In the material below, please retype the lines from the very first through the one with "Download Smartphones 2013", exactly and without pictures.

Data below
%%
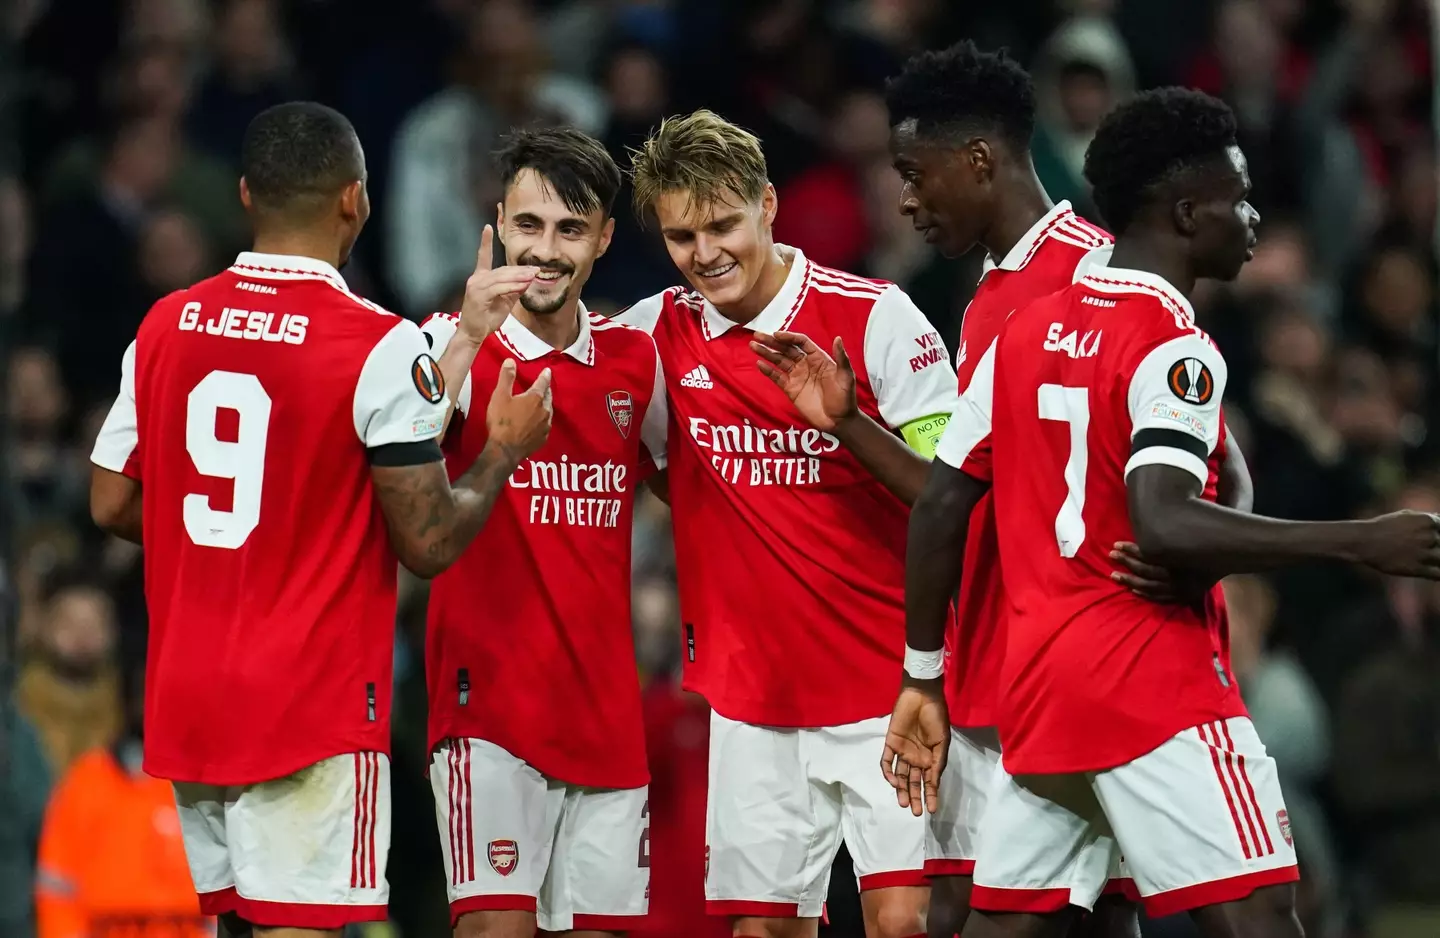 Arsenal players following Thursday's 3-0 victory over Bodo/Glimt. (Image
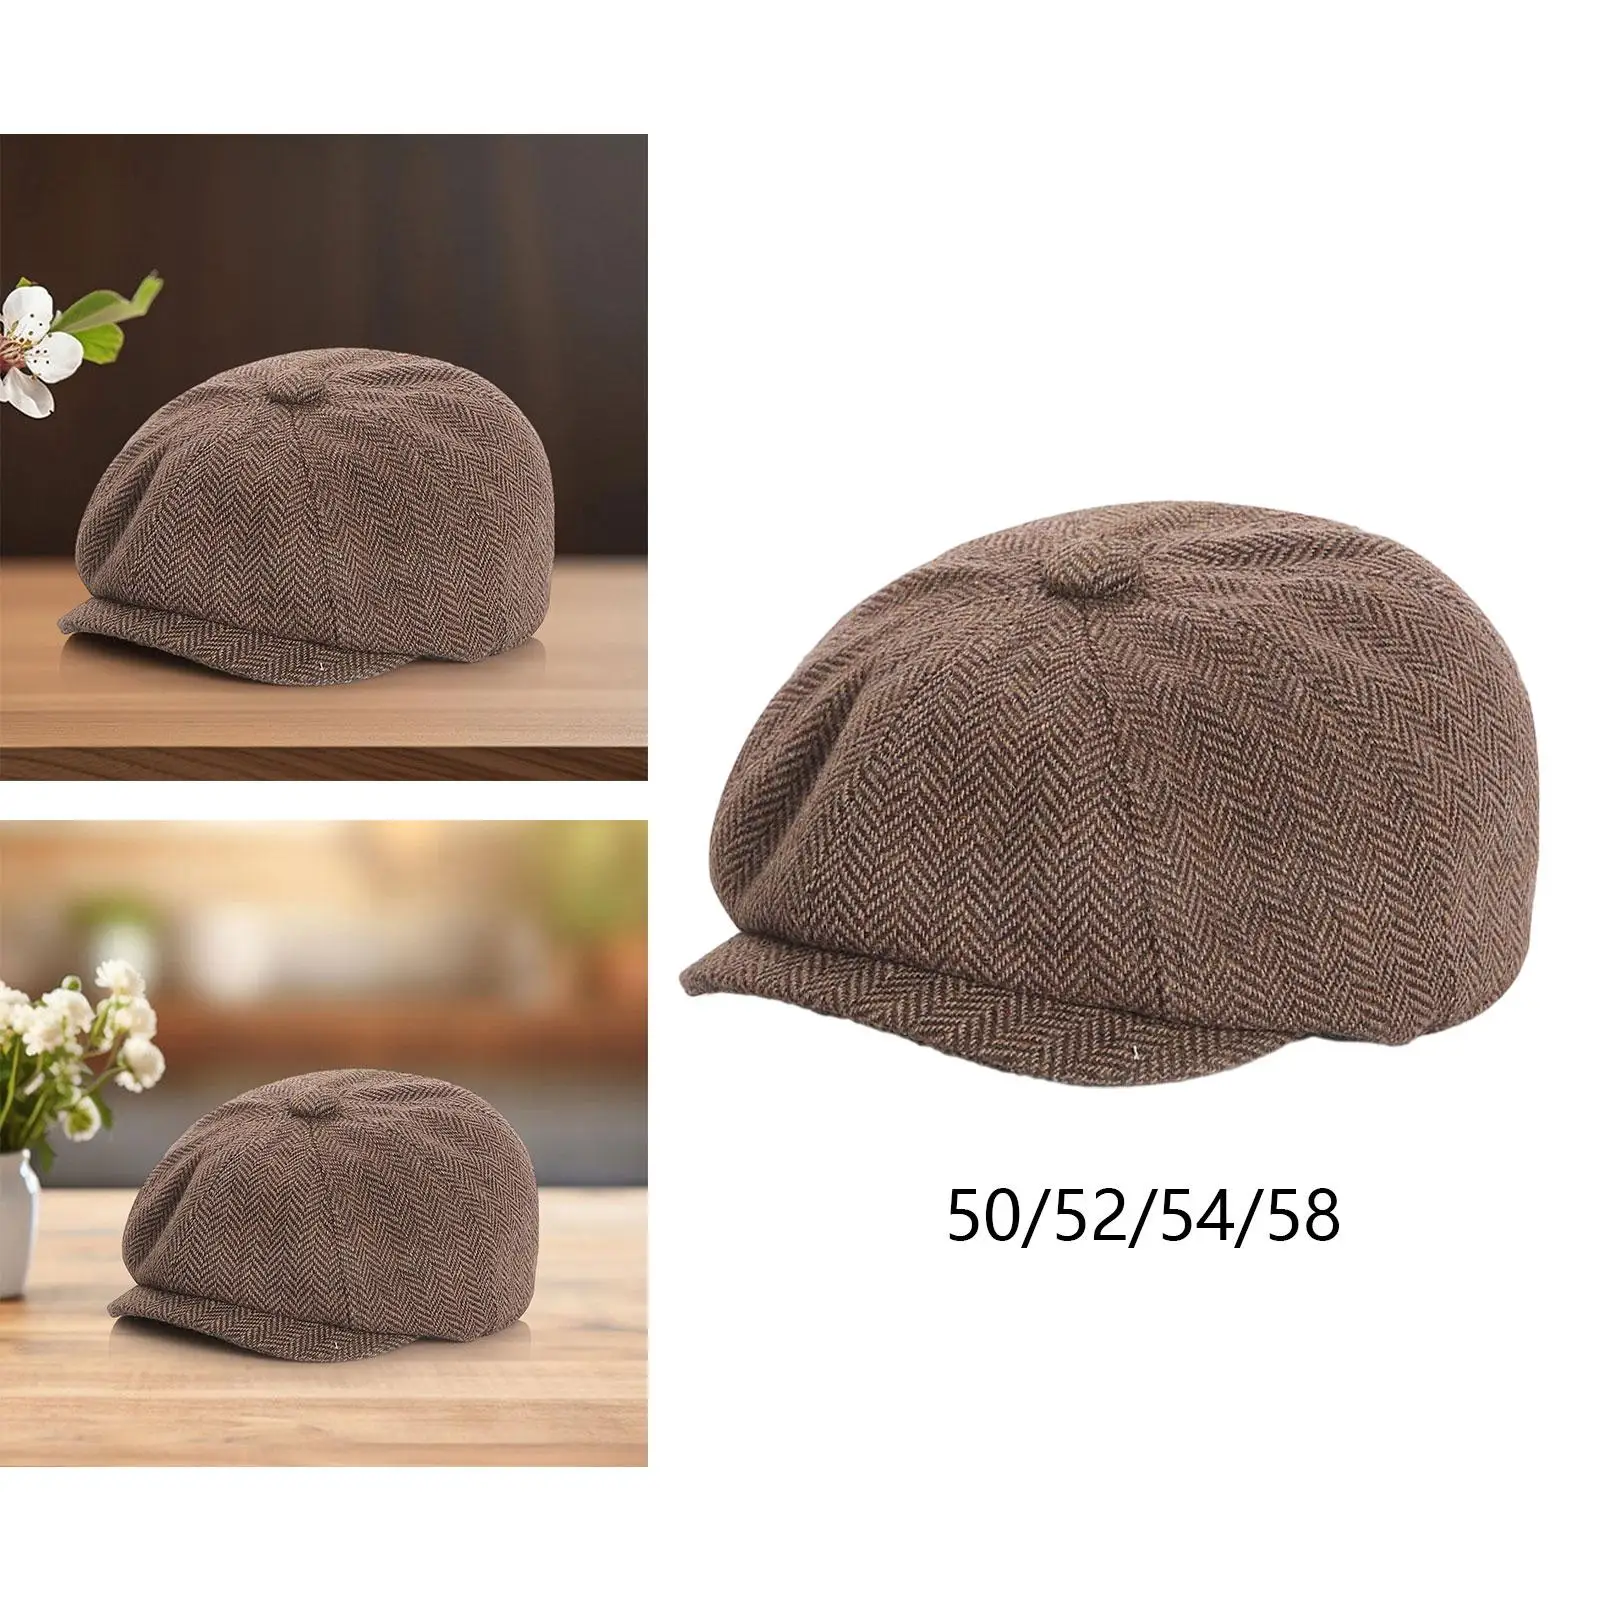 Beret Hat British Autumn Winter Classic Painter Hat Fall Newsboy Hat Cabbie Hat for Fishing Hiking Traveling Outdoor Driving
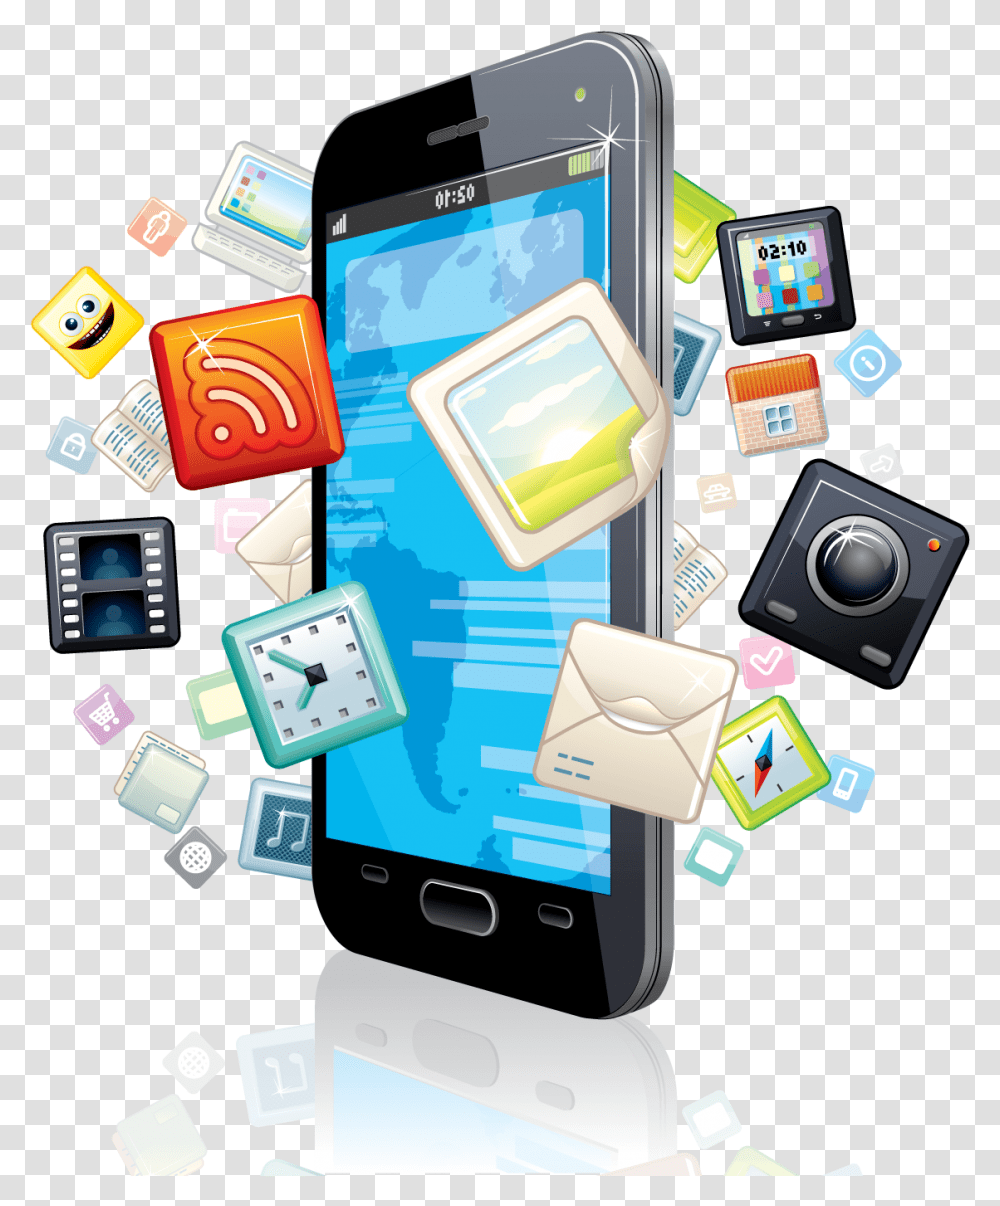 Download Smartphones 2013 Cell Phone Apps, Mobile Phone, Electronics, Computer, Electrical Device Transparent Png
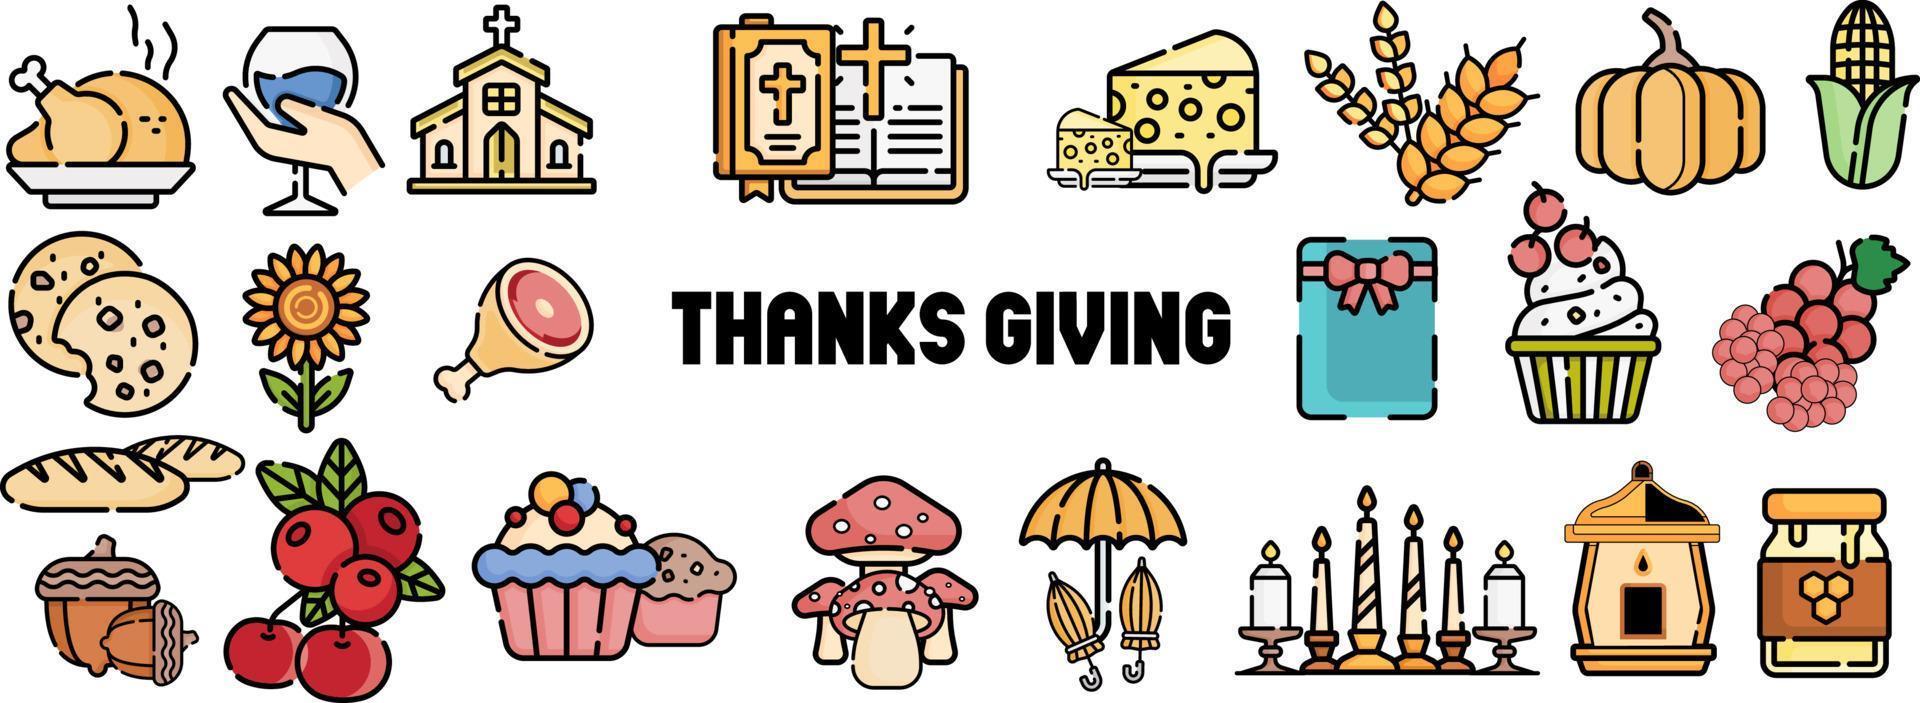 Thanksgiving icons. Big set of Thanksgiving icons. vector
%%
Answer section
 Arsenal players following Thursday's 3-0 victory over Bodo/Glimt. (Image
 Beret Hat British Autumn Winter Classic Painter Hat Fall Newsboy Hat Cabbie Hat for Fishing Hiking Traveling Outdoor Driving
 Download Smartphones 2013 Cell Phone Apps, Mobile Phone, Electronics, Computer, Electrical Device Transparent Png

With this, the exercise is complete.